Tognetti Linda, Miracapillo Chiara, Leonardelli Simone, Luschi Alessio, Iadanza Ernesto, Cevenini Gabriele, Rubegni Pietro, Cartocci Alessandra
Dermatology Unit, Deparment of Medical, Surgical and Neurosciences, University of Siena, Viale Bracci 16, 53100 Siena, Italy.
Bioengineering and Biomedical Data Science Lab, Department of Medical Biotechnologies, University of Siena, 53100 Siena, Italy.
Bioengineering (Basel). 2024 Jul 26;11(8):758. doi: 10.3390/bioengineering11080758.
There has been growing scientific interest in the research field of deep learning techniques applied to skin cancer diagnosis in the last decade.
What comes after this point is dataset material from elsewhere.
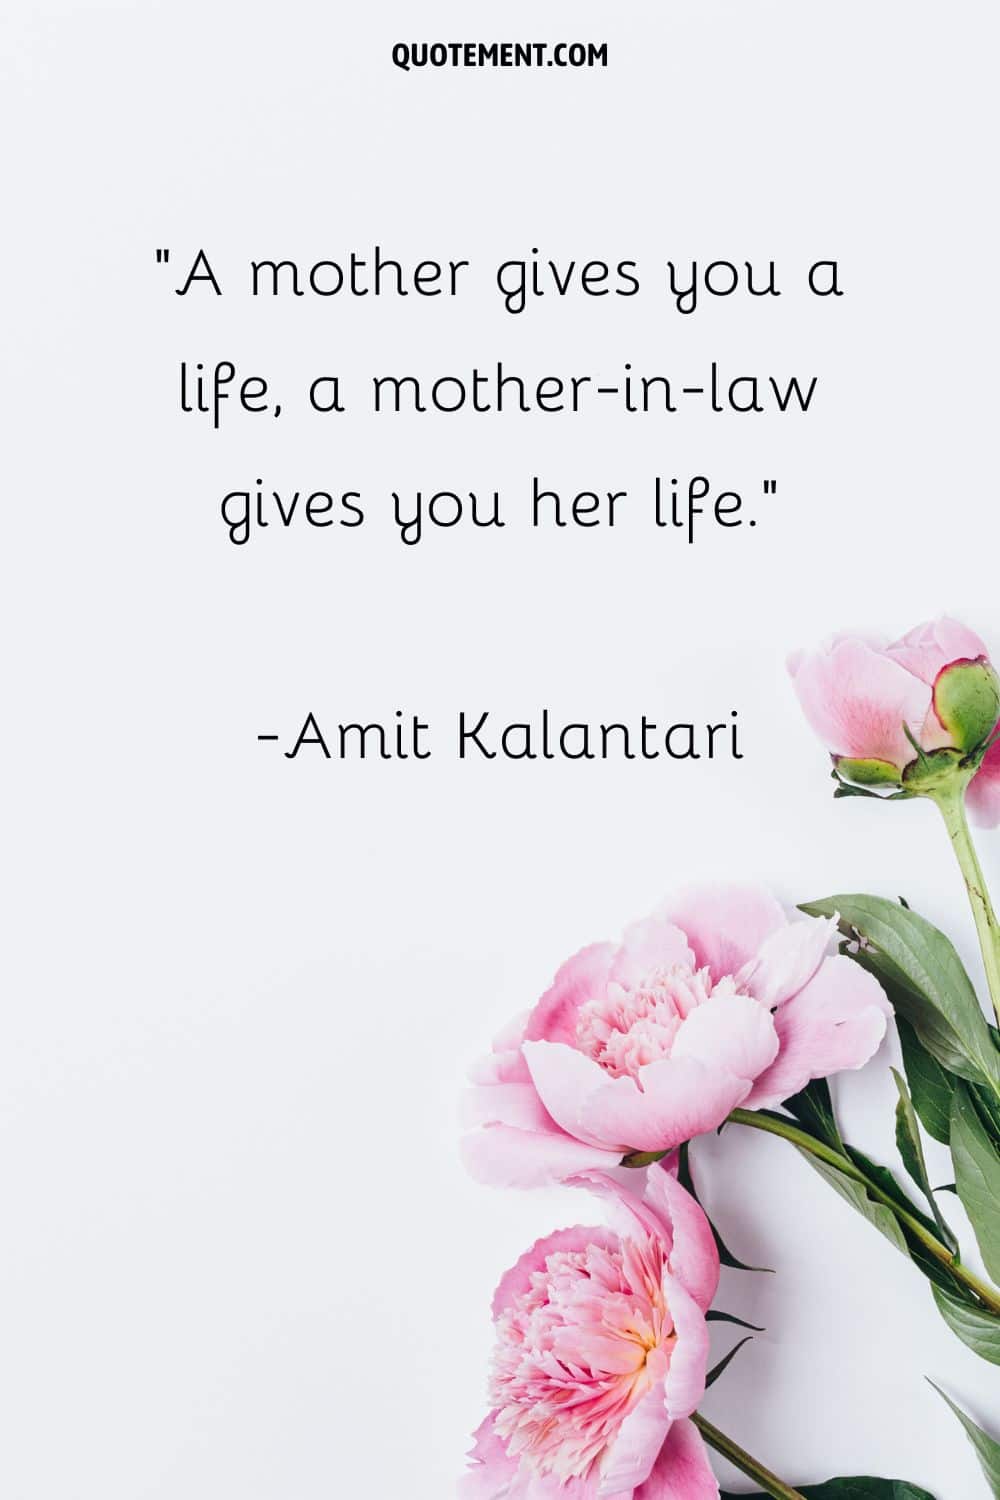 One of the best mother in law quotes.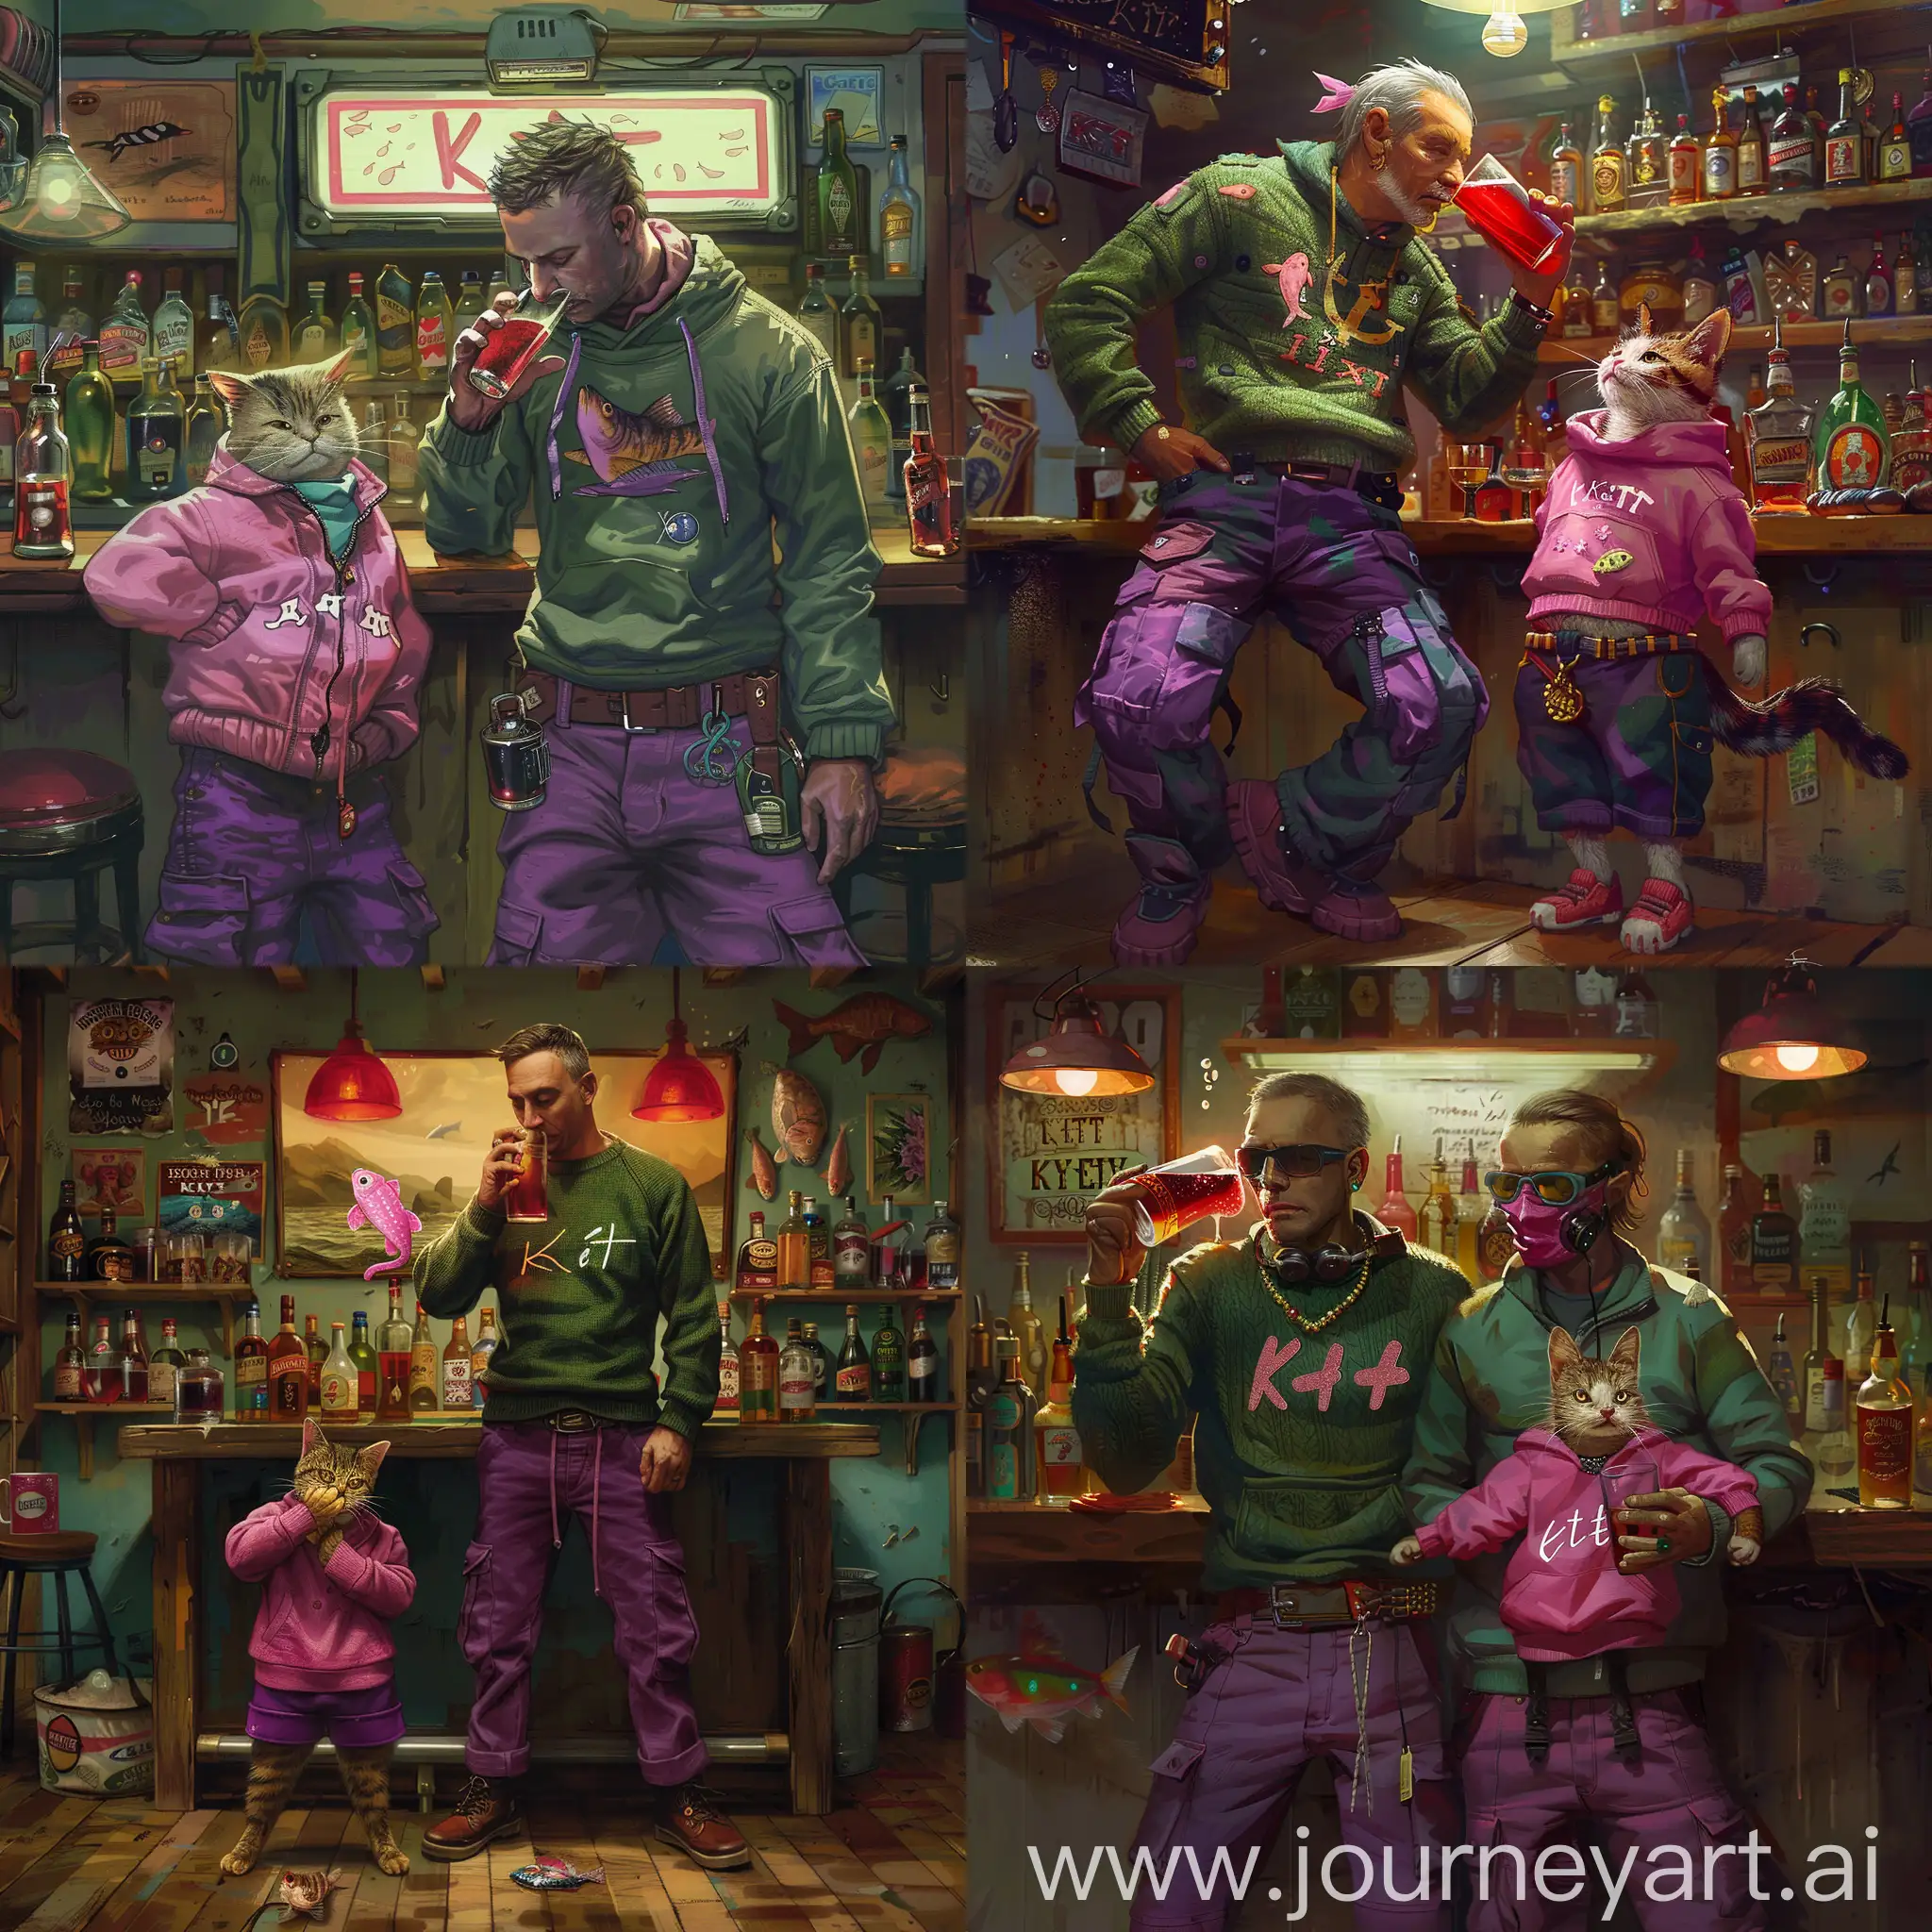 Man-Drinking-Red-Alcohol-with-PinkClothed-Cat-and-Green-Sweater-Purple-Cargo-Outfit

Though encouraging data have been globally reported, several discrepancies have been observed in terms of study methodology, result presentations and validation in clinical settings. The present review aimed to screen the scientific literature on the application of DL techniques to dermoscopic melanoma/nevi differential diagnosis and extrapolate those original studies adequately by reporting on a DL model, comparing them among clinicians and/or another DL architecture. The second aim was to examine those studies together according to a standard set of statistical measures, and the third was to provide dermatologists with a comprehensive explanation and definition of the most used artificial intelligence (AI) terms to better/further understand the scientific literature on this topic and, in parallel, to be updated on the newest applications in the medical dermatologic field, along with a historical perspective. After screening nearly 2000 records, a subset of 54 was selected. Comparing the 20 studies reporting on convolutional neural network (CNN)/deep convolutional neural network (DCNN) models, we have a scenario of highly performant DL algorithms, especially in terms of low false positive results, with average values of accuracy (83.99%), sensitivity (77.74%), and specificity (80.61%). Looking at the comparison with diagnoses by clinicians (13 studies), the main difference relies on the specificity values, with a +15.63% increase for the CNN/DCNN models (average specificity of 84.87%) compared to humans (average specificity of 64.24%) with a 14,85% gap in average accuracy; the sensitivity values were comparable (79.77% for DL and 79.78% for humans). To obtain higher diagnostic accuracy and feasibility in clinical practice, rather than in experimental retrospective settings, future DL models should be based on a large dataset integrating dermoscopic images with relevant clinical and anamnestic data that is prospectively tested and adequately compared with physicians.
在过去十年中,深度学习技术应用于皮肤癌诊断的研究领域引发了科学界越来越浓厚的兴趣。尽管全球都报告了令人鼓舞的数据,但在研究方法、结果呈现以及临床环境中的验证方面仍存在一些差异。本综述旨在筛选关于深度学习技术应用于皮肤镜下黑色素瘤/痣鉴别诊断的科学文献,并通过报告深度学习模型、在临床医生之间和/或与另一种深度学习架构进行比较,充分推断那些原始研究。第二个目标是根据一组标准的统计指标对这些研究进行综合审视,第三个目标是为皮肤科医生提供对最常用的人工智能(AI)术语的全面解释和定义,以便更好地/进一步理解关于该主题的科学文献,并同时了解医学皮肤科领域的最新应用以及历史背景。在筛选了近2000条记录后,选取了54篇作为子集。比较20项报告卷积神经网络(CNN)/深度卷积神经网络(DCNN)模型的研究,我们看到了高性能深度学习算法的情况,特别是在低假阳性结果方面,准确率平均值为83.99%,灵敏度为77.74%,特异性为80.61%。与临床医生的诊断结果进行比较(13项研究),主要差异在于特异性值,CNN/DCNN模型的特异性值提高了15.63%(平均特异性为84.87%),而人类的平均特异性为64.24%,平均准确率相差14.85%;灵敏度值相当(深度学习为79.77%,人类为79.78%)。为了在临床实践而非实验性回顾性环境中获得更高的诊断准确性和可行性,未来的深度学习模型应基于一个大型数据集,该数据集将皮肤镜图像与相关临床和病史数据整合在一起,并进行前瞻性测试,并与医生进行充分比较。